Living with Retinopathy of Prematurity
A diagnosis of ROP in a premature baby is understandably frightening for families. The combination of a medically fragile newborn in intensive care and the possibility of vision loss from an eye condition that develops and must be treated in a narrow window creates enormous stress. It helps to know that the majority of premature infants who develop ROP have mild disease that resolves on its own, and that the majority of infants with treatment-requiring type 1 ROP who receive prompt treatment go on to preserve functional vision. The most important thing any family can do is ensure that every scheduled screening examination happens on time, report immediately to the NICU team if there is any concern about visual behavior after discharge, and keep every follow-up appointment—including those that take place months and years after leaving the hospital.
For children who experienced severe ROP or required surgery, the path forward involves close ophthalmological monitoring throughout childhood. Glasses for myopia and sometimes for strabismus are often needed early in life—sometimes as young as 4 to 6 months of age. Amblyopia treatment (patching the stronger eye) may be required. Special educational accommodations may be needed for children with visual field loss from laser treatment or persistent vision impairment. Families should also be aware that ROP is associated with broader neurodevelopmental outcomes of prematurity, and many children benefit from early intervention programs, occupational therapy, and vision therapy. The Foundation Fighting Blindness (fightingblindness.org), the American Foundation for the Blind (afb.org), and the American Academy of Ophthalmology’s® (AAO’s) patient education resources provide information and support for families navigating these long-term challenges.
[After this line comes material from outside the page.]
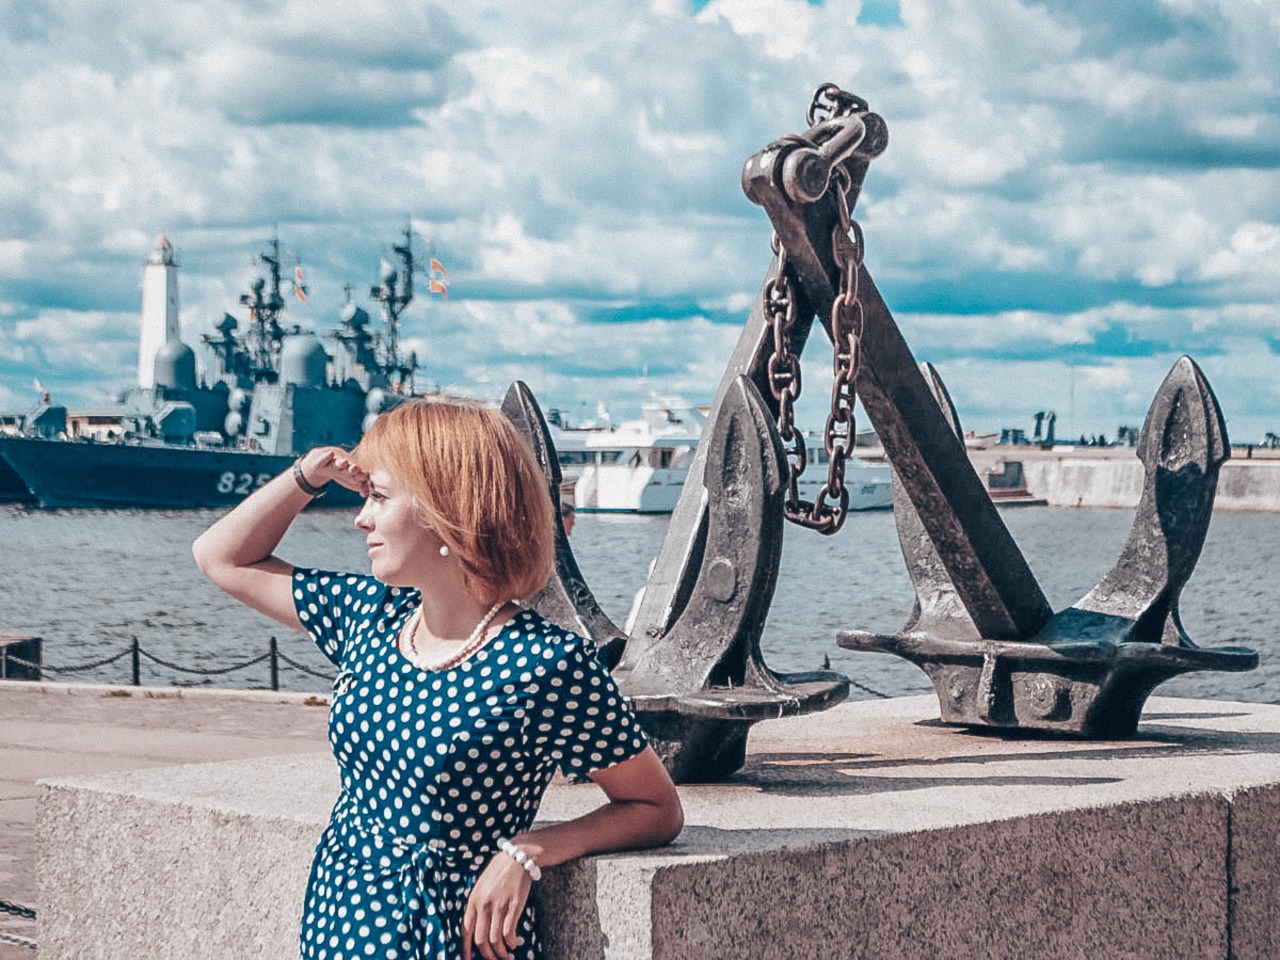 Хранитель традиций российского флота — Кронштадт  | Цена 5220₽, отзывы, описание экскурсии

To further your understanding of your diagnosis and to contribute to cutting-edge research, consider participating in a clinical trial so clinicians and scientists can learn more about causes, symptoms, treatment, and prevention of retinopathy of prematurity and related disorders. Clinical research uses human volunteers to help researchers learn more about a disorder and perhaps find better ways to safely detect, treat, or prevent disease.
All types of volunteers are needed—those who are healthy or may have an illness or disease—of all different ages, sexes, races, and ethnicities to ensure that study results apply to as many people as possible, and that treatments will be safe and effective for everyone who will use them.